L'Uva Grisa - banda di navigazione

APPUNTAMENTI   2012

Quando e dove

Manifestazione

Informazioni  sull'evento

Domenica 16 settembre 2012, Pianventena - San Giovanni in Marignano. (RN)  Festa grande della parrocchia di Pianventena

Dalle ore 16.00 festa nel piazzale con canti e balli insieme agli amici dell’Uva Grisa Giochi per tutti i bambini. I parrocchiani saranno lieti di offrire a tutti da bere e da mangiare. Pianventena si trova tra San Giovanni in Marignano (uscita autostradale di Cattolica) e Morciano. Info. Luca Fantini tel. 0541 955310. Cell. 329 5920904 mail luca.fantini@inwind.it

Dal 23 al 30 agosto agosto 2012 L'UVA GRISA IN PALESTINA Programma in via di definizione
Sabato 30, domenica 1 luglio 2012, Gemmano RN, Riserva Naturale Orientata di Onferno Stage residenziale di danze etniche romagnole con

L'Uva Grisa

Lo stage ha la durata di un week end con festa finale danzante e musiche dal vivo. Sabato 30 giugno dalle ore 16 alle ore 19. Domenica 1 luglio dalle ore 10 alle ore 13 e dalle ore 16 alle ore 19. Ore 22 festa da ballo con musica dal vivo. Quota di iscrizione: € 50,00. Minimo 10 partecipanti. Termine iscrizioni: giovedì 28 giugno.  La proposta prevede oltre al corso, la possibilità di pernottare in ostello e consumare  i pasti alla Locanda.
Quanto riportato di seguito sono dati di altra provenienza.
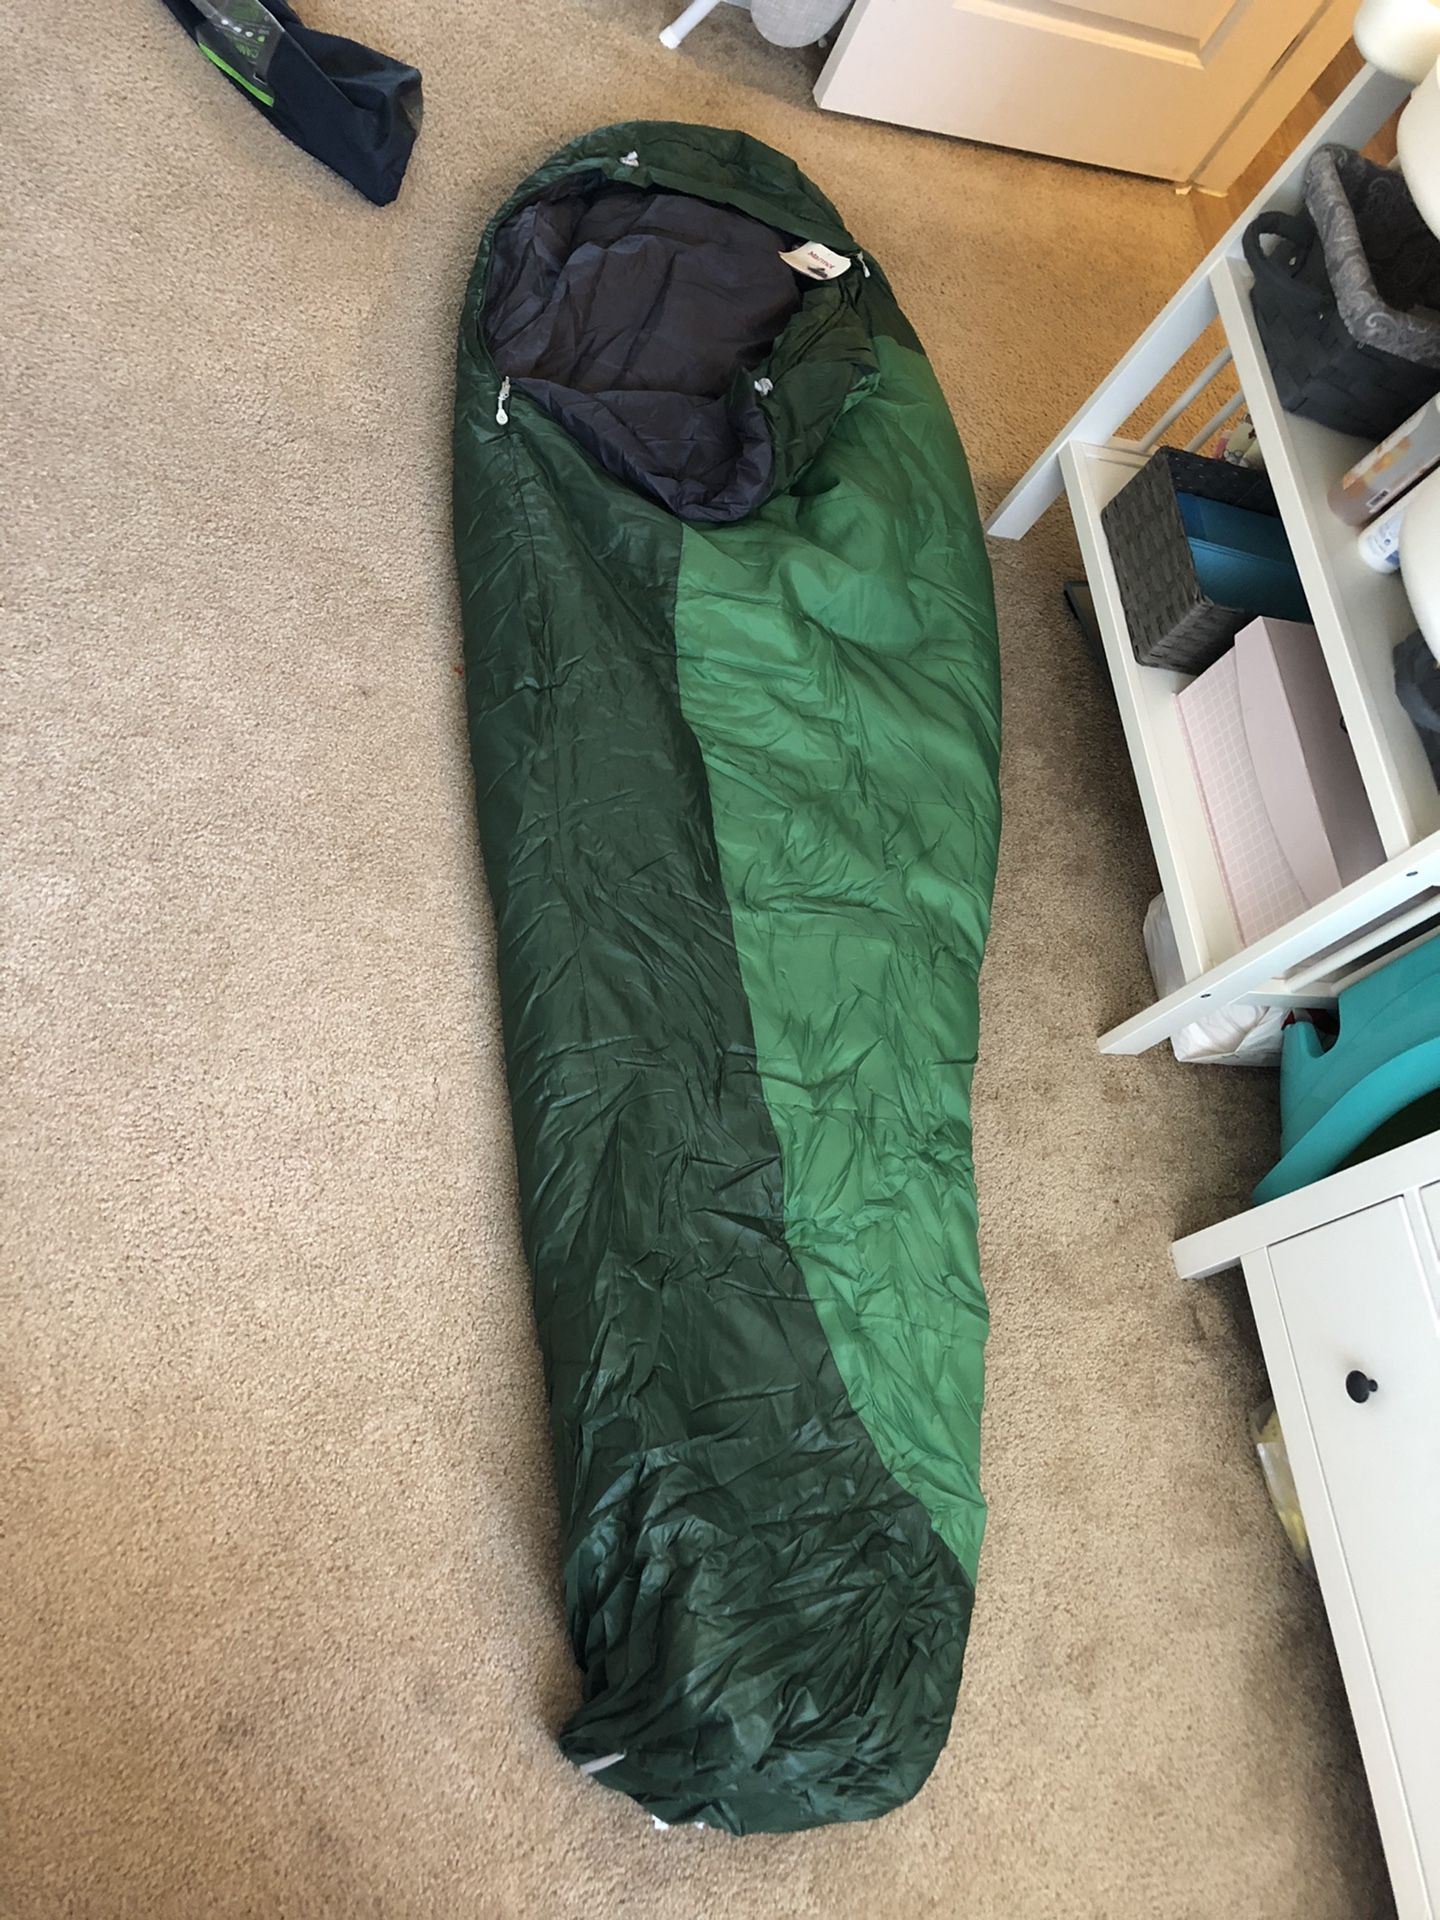 Camp sleeping bag

Per informazioni e prenotazioni 3384213758 – 0541983015. http://www.grotteonferno.it
mercoledì 2 giugno 2012, Igea Marina (RN), Parco del Gelso, dalle ore 17,30 Festa della Repubblica

Concerto dell’Uva Grisa

prima parte:

Storie e canti di Libertà e Lavoro

seconda parte:

 Festa con antichi balli della tradizione locale

Organizzato dalla Lega SOI (Sindacato Pensionati Italiani) CGIL di Bellaria Igea Marina il   per celebrare la nascita della Repubblica Italiana 

25-26-27 Maggio 2012, Bellaria (RN), Borgata Vecchia, Vie Ionio e Romea. LA BORGATA CHE DANZA

Festival di strada di musiche della tradizione orale

 20^ edizione.

 Direzione artistica: Gualtiero Gori

Il festival che cos’è

“La borgata che danza”, conosciuta a Bellaria Igea Marina anche come Festa della Borgata, è un festival dedicato alle antiche forme di musica popolare, in particolare quelle tramandate di generazione in generazione attraverso i modi della comunicazione orale e visiva, senza l’utilizzo della scrittura. Il Festival si propone di riscoprirne il significato nei contesti attuali chiamando a confronto varie realtà impegnate in questo campo nei rispettivi luoghi di appartenenza

Il Festival si tiene ogni anno, a maggio, nel nucleo storico della Borgata Vecchia di Bellaria, nelle vie Ionio e Romea. Si tratta di un importante appuntamento culturale nato nel 1993 su iniziativa del Laboratorio di documentazione e ricerca sociale del Comune di Bellaria Igea Marina in collaborazione con il Comitato Borgata Vecchia. Il suo intento è anche di creare un forte momento di socializzazione nella vita del paese prima del “passaggio” alla stagione turistica estiva, e riportare alla luce il nucleo ottocentesco di Borgo Osteria legandosi alla sua storia e alla sua gente. La manifestazione, infatti, coinvolge spazi domestici, cortili interni e la storica via Romea, che si trasformano in osterie (da Magnùl, da Guiròin, da Marascòun), dove le famiglie del posto cucinano cibi tradizionali mentre gruppi di suonatori improvvisano canti e balli.

La “borgata che danza” è soprattutto un’occasione di incontro e di confronto fra culture e generazioni diverse, un luogo nel quale le storie e le esperienze artistiche e culturali di cui i gruppi invitati sono portatori trovano un contesto ideale per mettersi alla prova,  e dare nuova vita a linguaggi e forme espressive che appartengono a vissuti popolari nei quali tutti affondiamo le radici.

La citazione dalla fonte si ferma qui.